The wagons were completely distinctive, with two circular powder silos. A walkway is provided to permit access to the top of the silos with a ladder on each side located between the silos.

Construction of the type started in 1960 and went on for 2 years. The wagons were numbered in four series:
- B873000-B873023 built by Metro-Cammell in 1960
- B873194-B873199 built by Metro-Cammell in 1960
- B873370-B873419 built by Gloucester RCW in 1961
- B873720-B873770 built by Gloucester RCW in 1962

The whole fleet of wagons were originally painted in bauxite although some were later repainted in a dark grey/black.

Prestwin wagons ceased to be used in the 1980s.

===Traffic flows===
From 1972 Prestwins were used to convey Dried Hydrate of Alumina from Burtisland to Welwyn Garden City.

Sodium tripolyphosphate from Albright and Wilson at Corkickle to Unilever facilities at both Port Sunlight and Warrington, and to Procter & Gamble at West Thurrock.

Lime from Hindlow

Sand from Oakamoor to Port Sunlight

Soda ash from Northwich

Alumina hydrate from Rogerstone to Newport.

Trials were carried out to use the Prestwin design for carrying slag, China clay, Fuller's earth, ground limestone, Ground silica, Salt, Soda ash, Starch, and Slate powder.

===Models===
Between 1978 and 1982 Hornby produced a ready-to-run model of the Prestwin in bauxite. A total of 67000 were made.

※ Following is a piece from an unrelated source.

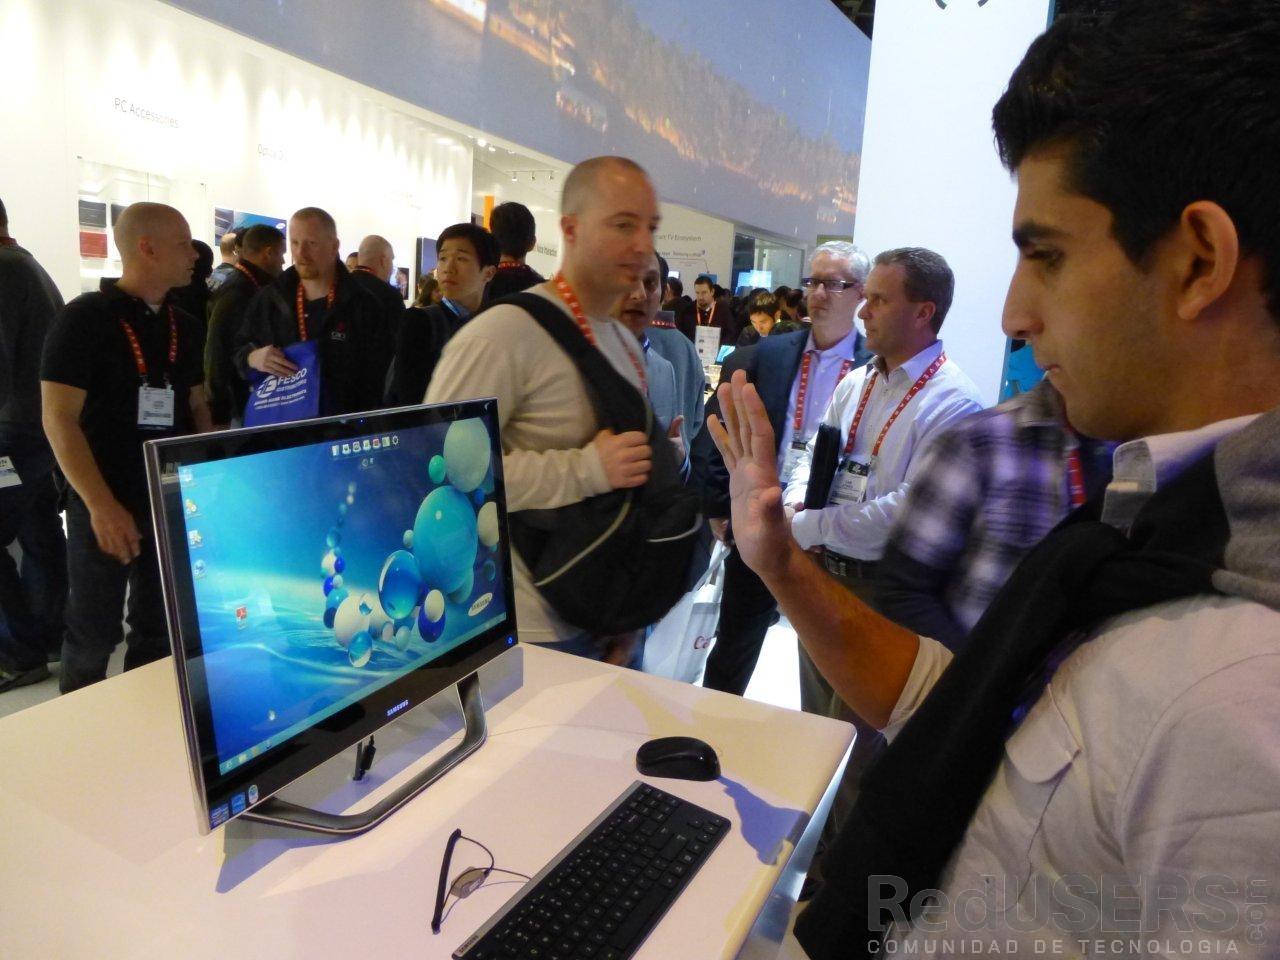 Los monitores con detección de movimientos, otra de las atracciones del espacio Samsung

Airfix produced a 00 gauge kit of the diagram 1/277 version of the Prestwin, which later passed to Dapol.

Lima produced an HO model in the 1970s which was marketed as a Prestwin. The colours were fictional and the design of the wagon itself, while bearing a general resemblance to the BR Prestwin, had several major differences, most notably the silhouette.

Bachmann planned to release a ready-to-run OO gauge model in 2019, however later announced that the model had been deferred.

Clark Railworks sell a ready-to-run Prestwin in 4mm scale.